The whole listing should come back exactly as written, except for the pictures.

# DATASET EXCERPT
________

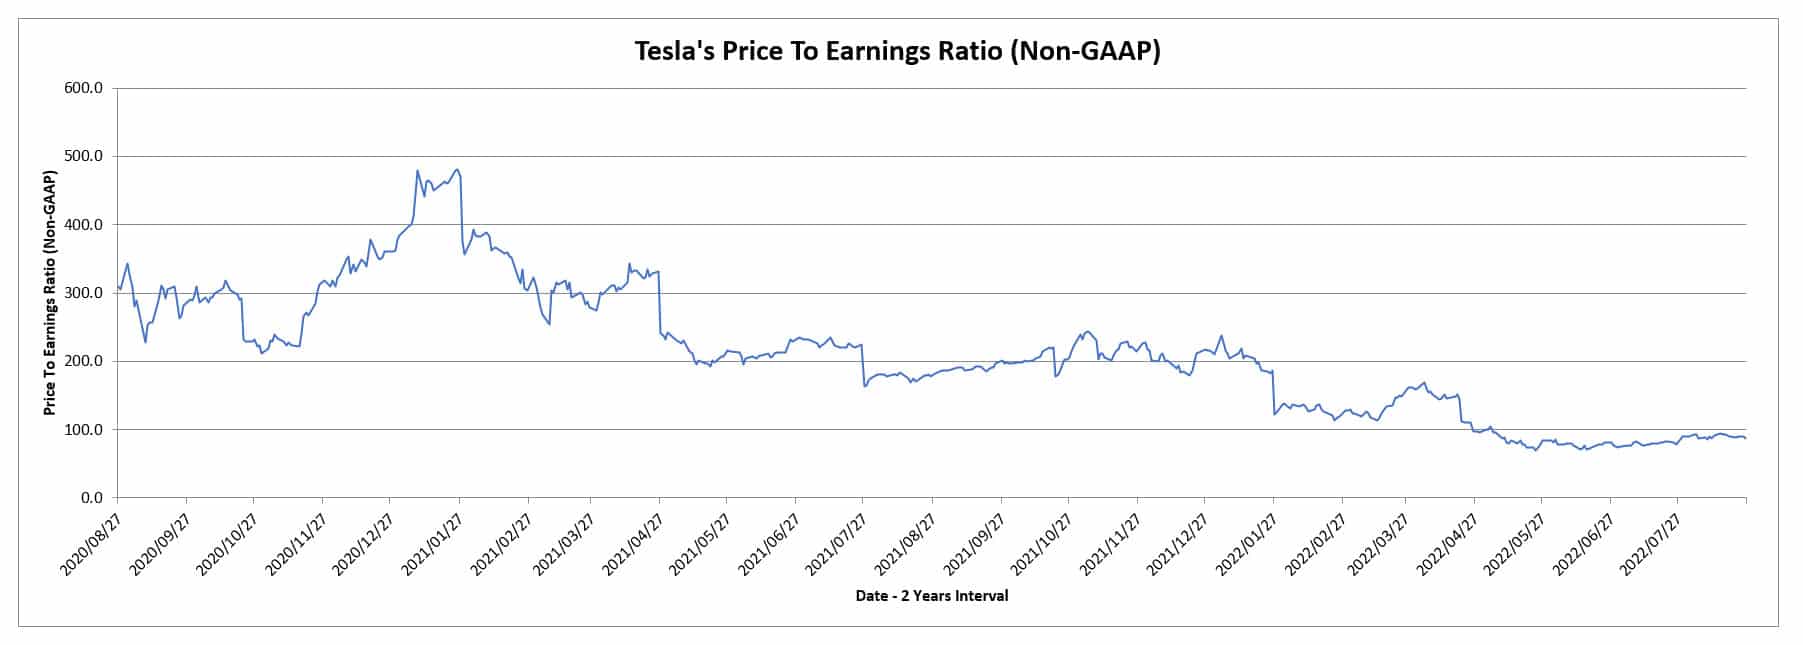 Tesla's price to earnings ratio (non-GAAP)
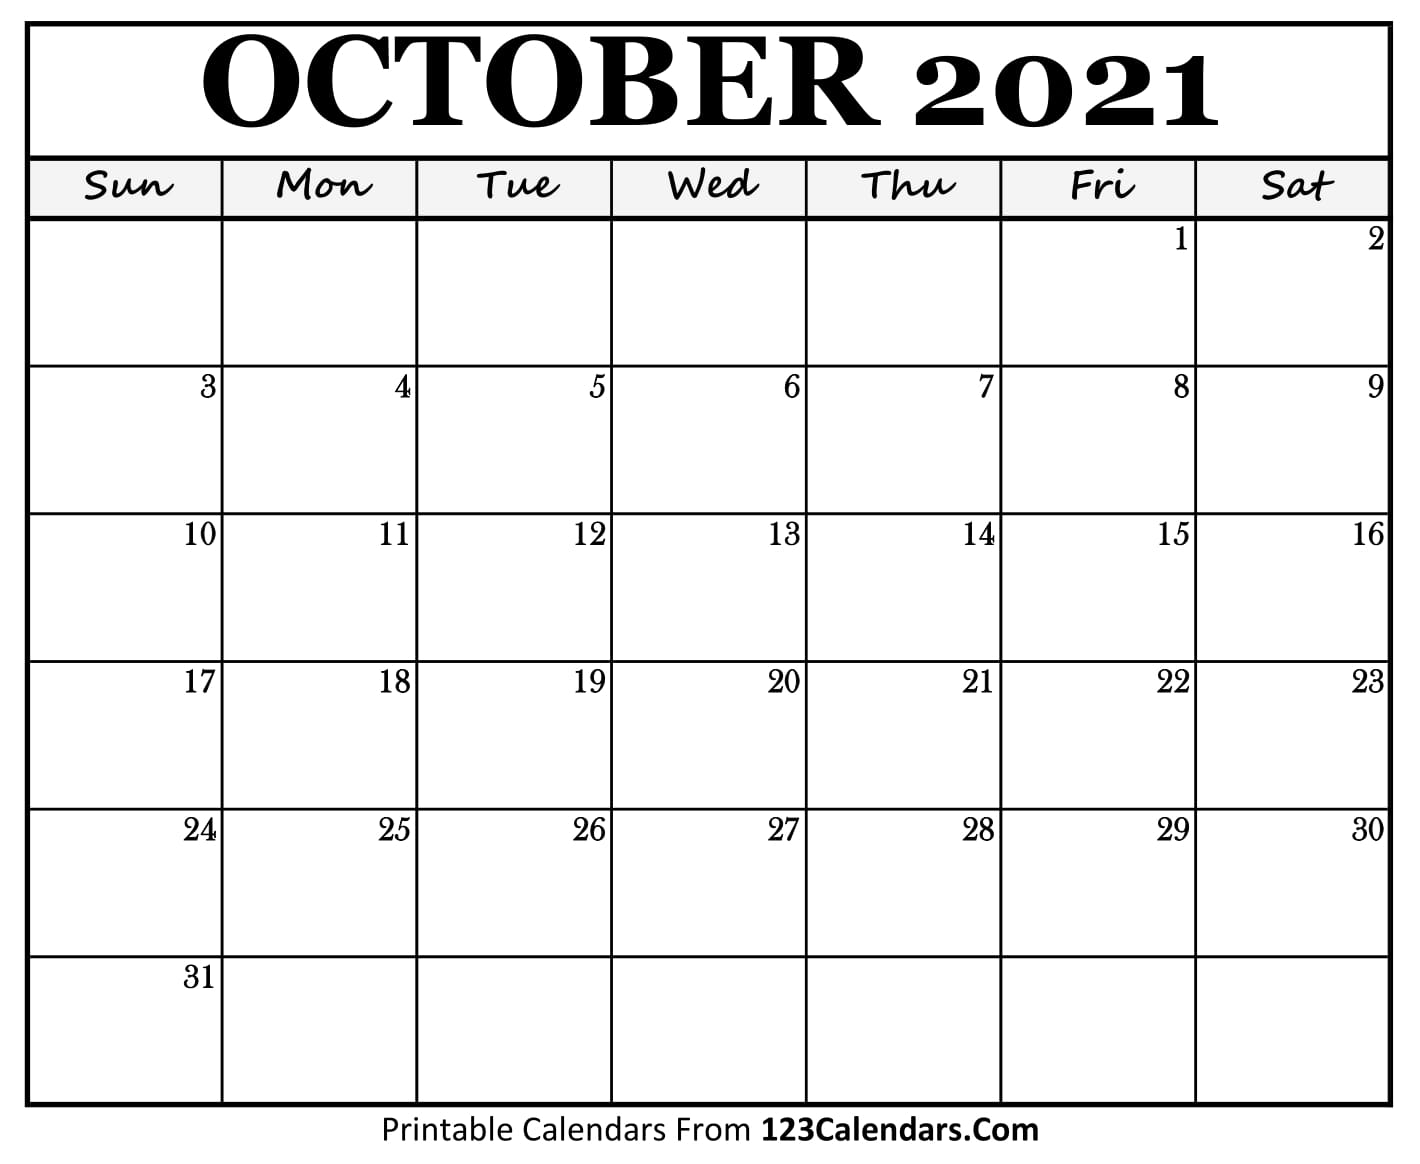 printable-october-2021-calendar-templates-123calendars
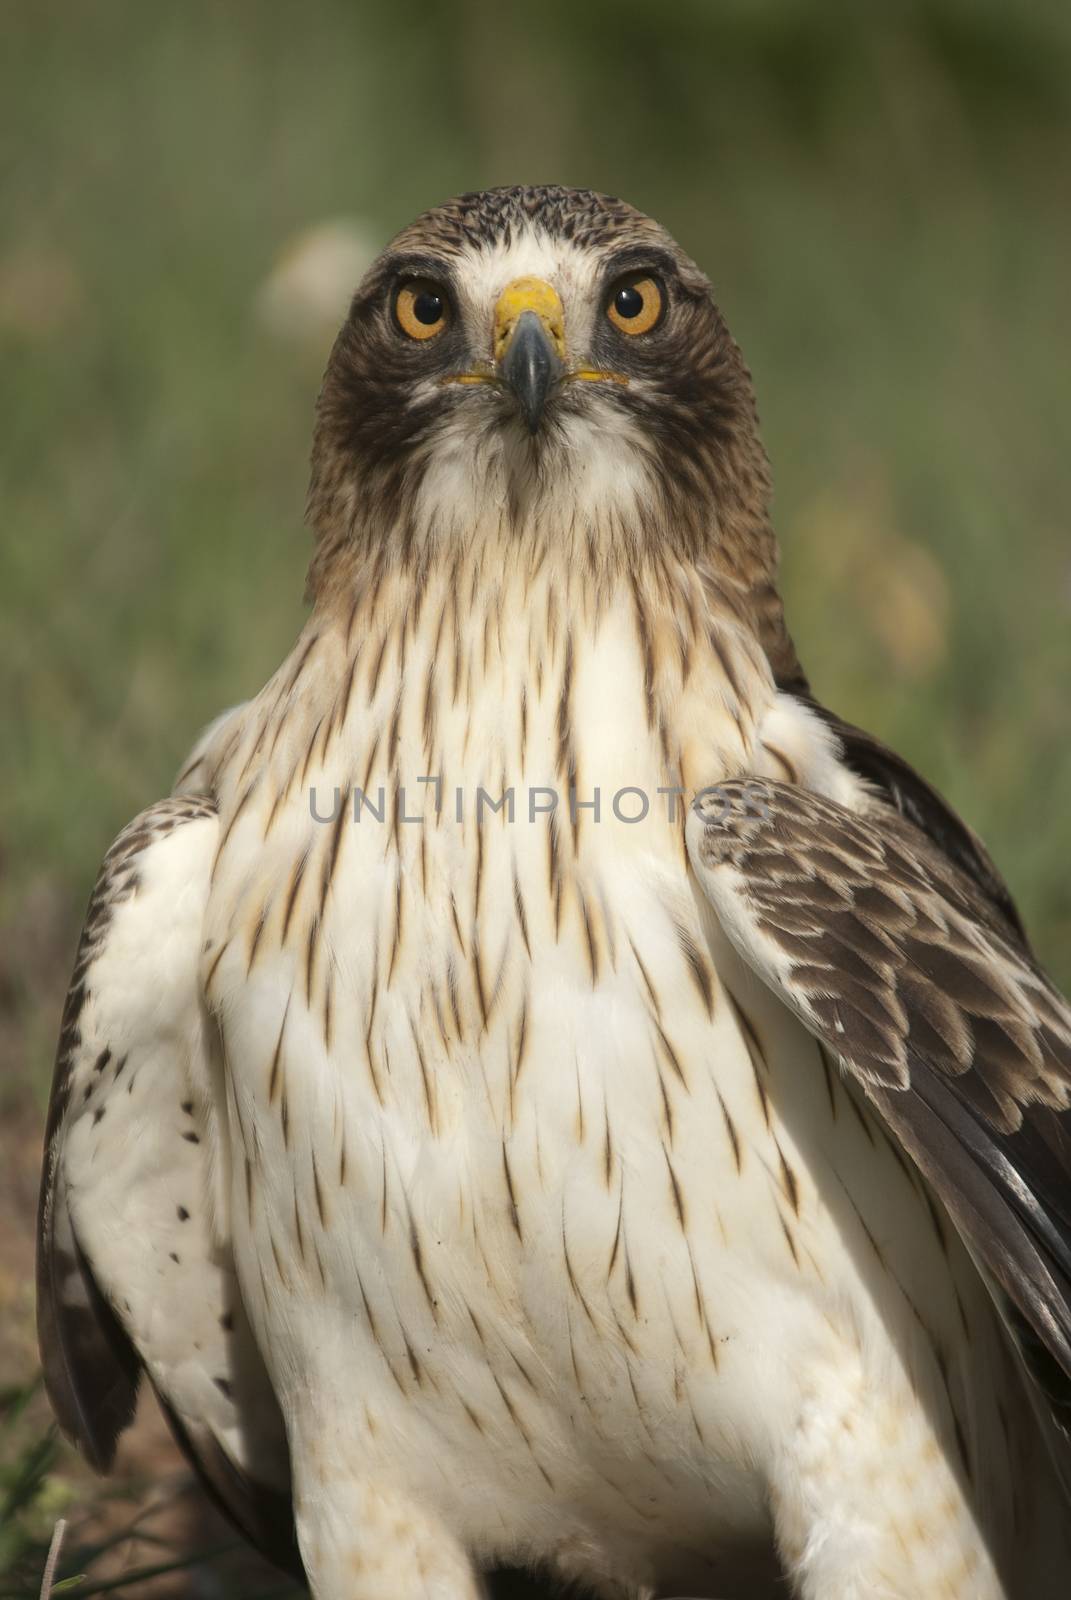 Painted eagle, pale morph, Aquila pennata, portrait  by jalonsohu@gmail.com

________

# RESULT BELOW
 Tesla's price to earnings ratio (non-GAAP)
 printable-october-2021-calendar-templates-123calendars
 Painted eagle, pale morph, Aquila pennata, portrait  by jalonsohu@gmail.com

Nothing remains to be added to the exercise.